— Как ты можешь поворачиваться к нам, когда на твоей коже еще горят их поцелуи, и заявлять о своей любви к собственной сути веркрысы?
— Этой ночью ты слишком поэтичен для самого себя, Гектор.
— Мои слова только мои!
— Я так не думаю. Я думаю, что ты пахнешь кем-то чужим под твоей кожей.
— Ты несешь чушь, старик.
— Тогда хватит трепаться и начнем бой. — Ответил Рафаэль.
Перемена в нем была такой резкой и необычной, что фактически сбивала с ног — это было видно по телу Гектора, и удивило не только меня.
Пьеретта наклонилась к моей шее так, словно хотела меня обнюхать, но таким образом она скрыла свой шепот:
— Еще рано для драки. Ее нужно отложить.
— Мы не бьемся за место царя перед лицом чужаков. — Заявил Гектор, но его голос уже не был таким пленительным.
— С этим можно работать. — Шепнула Пьеретта, как будто она сама могла как-то работать с тем фактом, что Гектор не хотел начинать драку здесь и сейчас.

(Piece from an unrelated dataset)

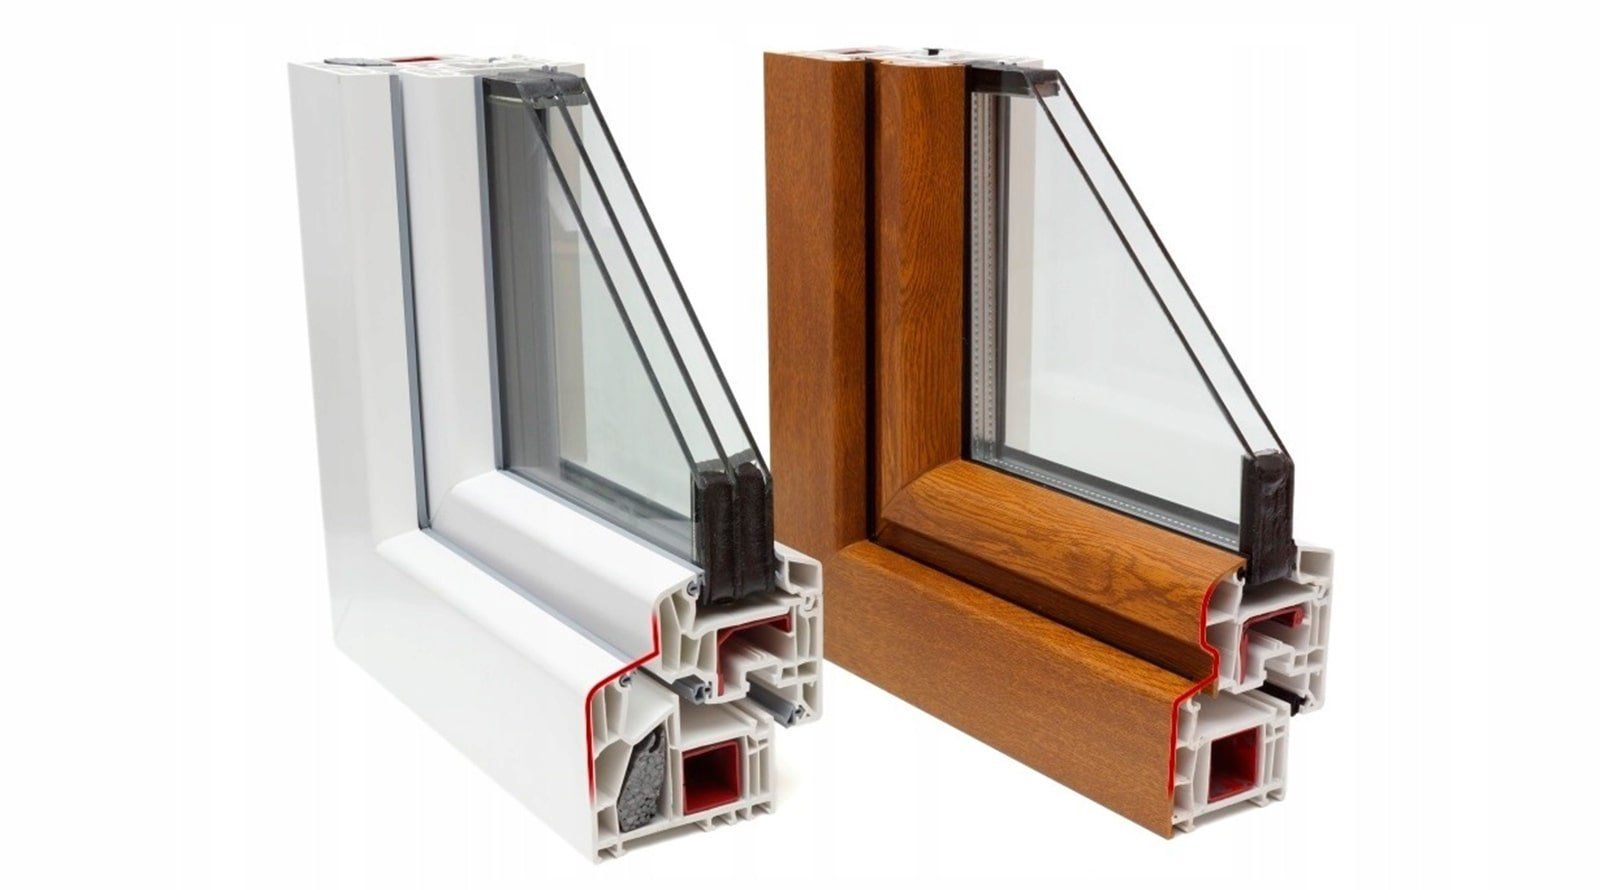 Energy conserving window material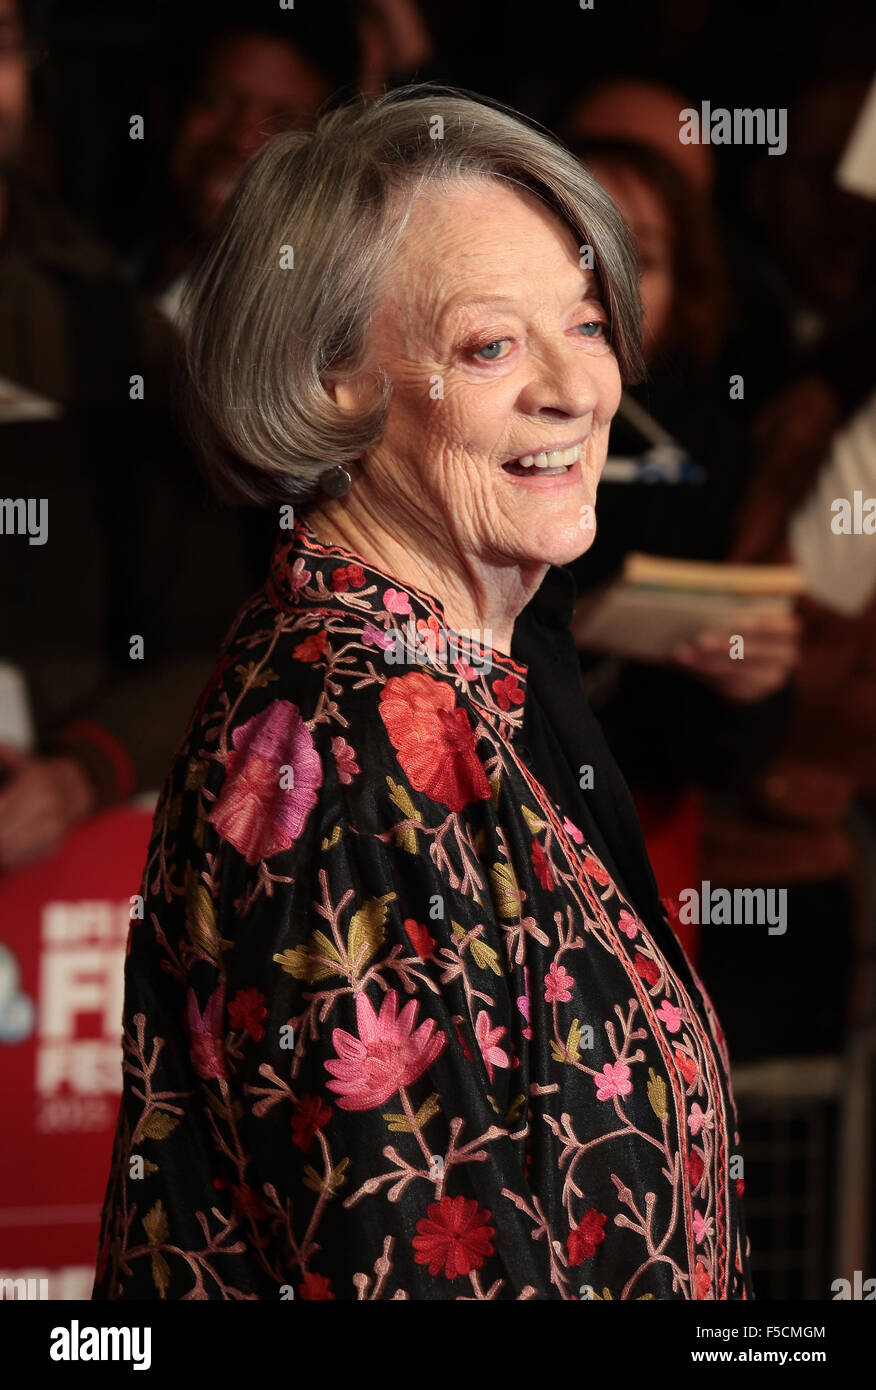 London, UK, 13th Oct 2015: Dame Maggie Smith attends The Lady In The Van premiere, 59th BFI London Film Festival in London Stock Photo

— В раздевалке ты угрожал Аните. Если бы к тому моменту, как ты меня убил, она бы все еще была здесь, ты бы овладел ею, уничтожил вампиров и всех, кого она любит, руками веркрыс.
— Я этого не говорил.
— Ты угрожал Аните изнасилованием после того, как убьешь меня?
— Ей не следует здесь быть.
— Ответь на вопрос, Гектор — позволь нам почувствовать правду.
— Этой ночью ее привел сюда ты. Ее едва не убили снаружи.
Рафаэль изменил свой вопрос:
— Ты угрожал изнасилованием Клодии после того, как станешь царем?
— Как царь я получил бы право просить любую женщину, какую захочу.
— Просить, но не брать. — Возразил Рафаэль.
— Царь не просит о том, что принадлежит ему по праву.
Рафаэль повысил голос, отстранив от себя микрофон, так что эхо получилось отличное:
— Ты сказал Клодии, что изнасилуешь ее?
В толпе послышался гомон: «ответь ему», «почему ты не отвечаешь?» и «почему он не отвечает?». Женщина, стоявшая рядом с нами, заметила:
— Если бы он изнасиловал Клодию, то ни одна из нас не была бы в безопасности.
Она была чертовски права. А толпа скандировала: «ответь, ответь, ответь»…
Гектор тоже повысил голос, но он свой микрофон не отстранил, так что его ответ прозвучал как скулеж:
— Да! Я убью тебя, а потом трахну Клодию и Аниту, и ту кошку, что вы притащили сегодня!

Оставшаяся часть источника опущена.